At my first meeting, I was shocked to discover that adult children of alchoholics often share certain traits: wanting to create a "normal" life, but being unable to because there is no frame of reference; having difficulty following through a project; constantly seeking approval and trying to fit in; difficulty having fun, especially in situations that involve spontaneity; having a short temper -- screaming fits are a regular event; and extreme loyalty, even when the loyalty is undeserved; a need for instant gratifications, which often manifests itself in compulsive behaviors.
This is only an abreviated list, and not everybody shares all of these characteristics.

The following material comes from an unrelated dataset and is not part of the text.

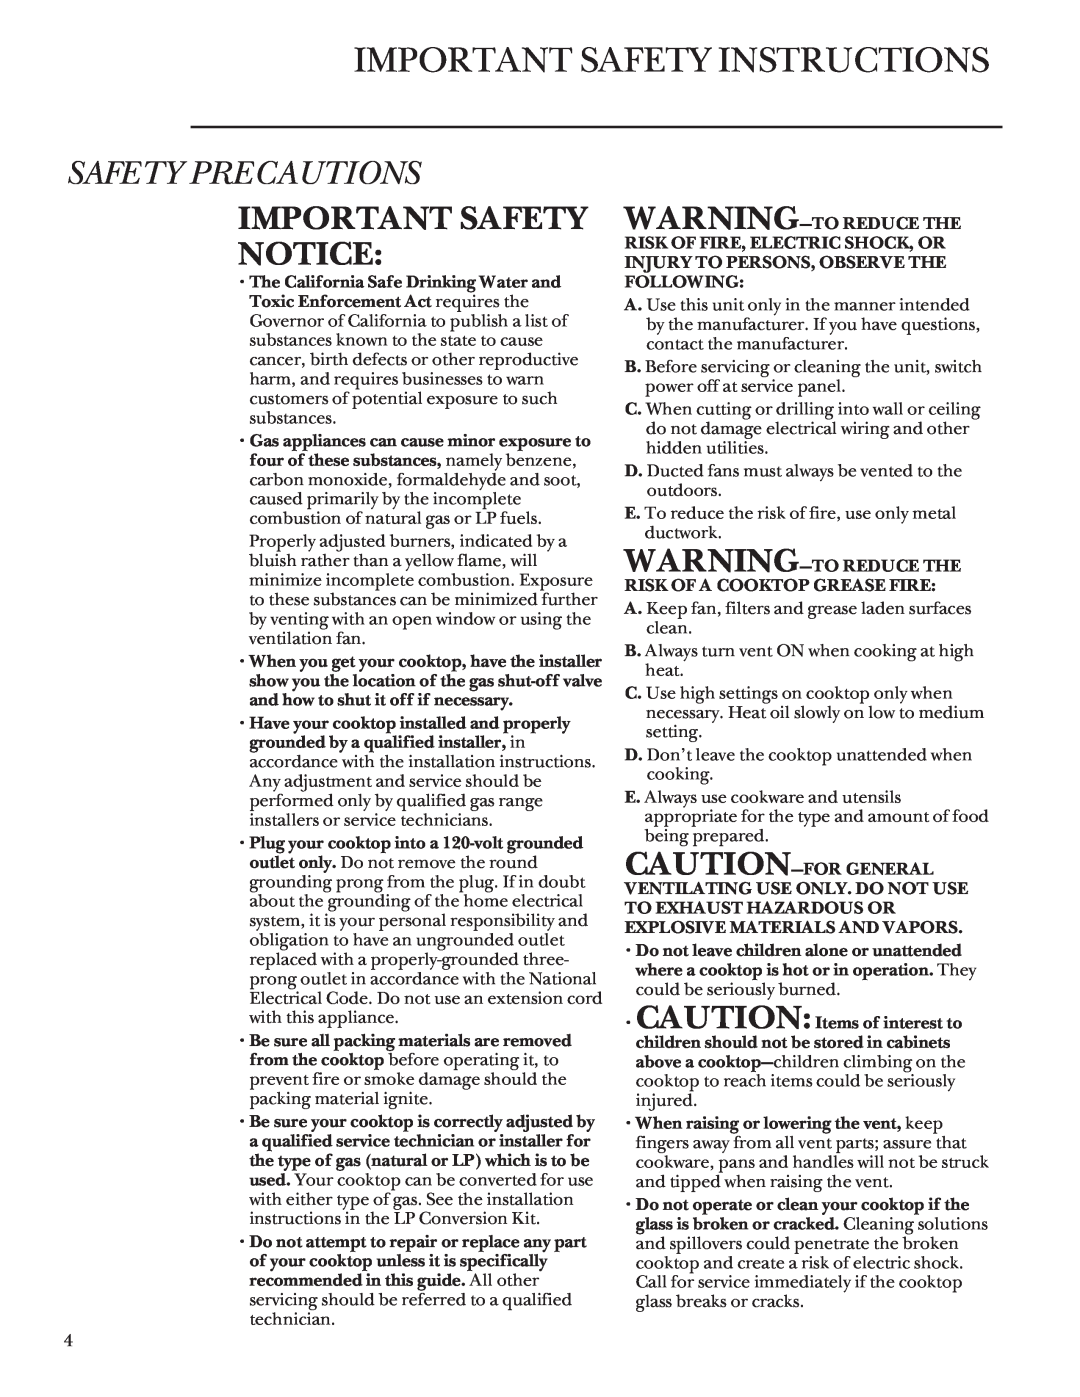 GE ZGU3650WBWG, ZGU3650BBBG, 183D5580P079 Important Safety Instructions, Important Safety Notice, Safety Precautions 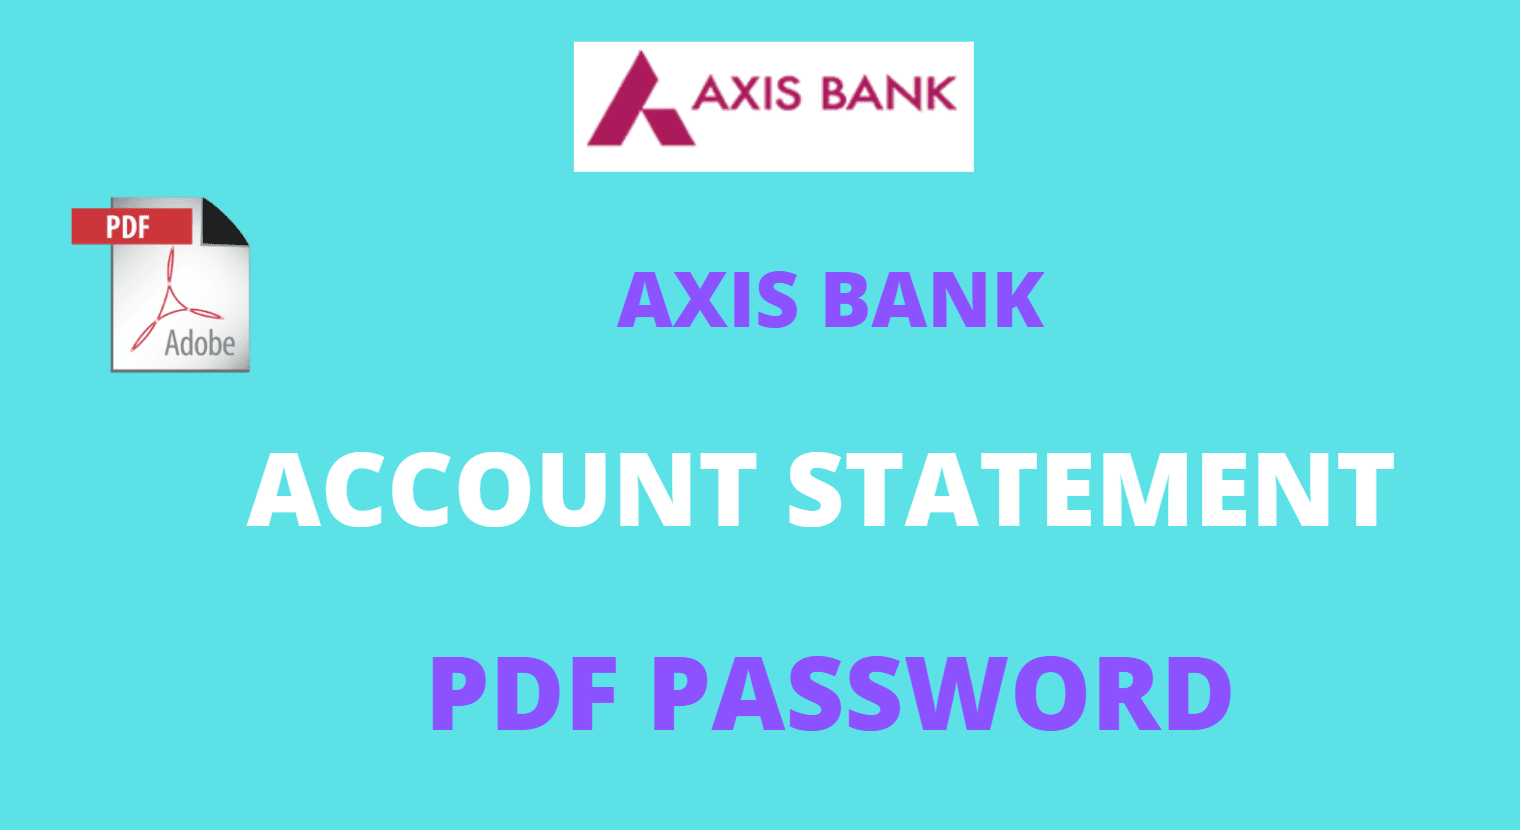 axis bank pdf password

The fellowship of ACOA cannot cure you by itself, it can only provide suggestions and the experiences of others in the same situation. It is hard work. Recognizing the origins of the problem is only half the battle, the real advantage is the support you get as you learn to take responsibility for your own life.
I can't say that my life is perfect, but at least I've lost the anger and the weight. I still have a way to go -- this is not an overnight process.
Membership in ACOA is completely anonymous -- nobody ever asked my last name the whole time I attended. And, while we're on the subject, I'd like to point out that I am not a spokesman for ACOA. Like all 12-step programs, it does not recruit, but lets people who want to be helped come to them.
In addition, though ACOA often meets in churches, it is not affiliated with any religious organization. Its funding comes solely from non-mandatory donations.
ACOA has four weekly meetings in State College. You can learn about their times and locations by calling the helpline at 238-5597. The Center for Counseling and Psychological Services in the Ritenour Health Center runs two ACOA groups, but they are filled for the semester.
A group like ACOA isn't for everybody, and there are other options. In addition to its ACOA groups, CAPS provides some counseling services. You can also get information from the Drug Education Program for Total Health in Ritenour.
If you're anything like I was, you probably won't do anything. Its hard to motivate yourself to change unless your life has become completely unmanageable. But do yourself a favor -- at least pick up one of the many good books on the subject. Not everybody who goes through the experience comes out with problems. But if you feel that something about your life just isn't quite right, you owe it to yourself to spend a couple of hours to learn to avoid the common pitfalls of the adult child of an alcoholic.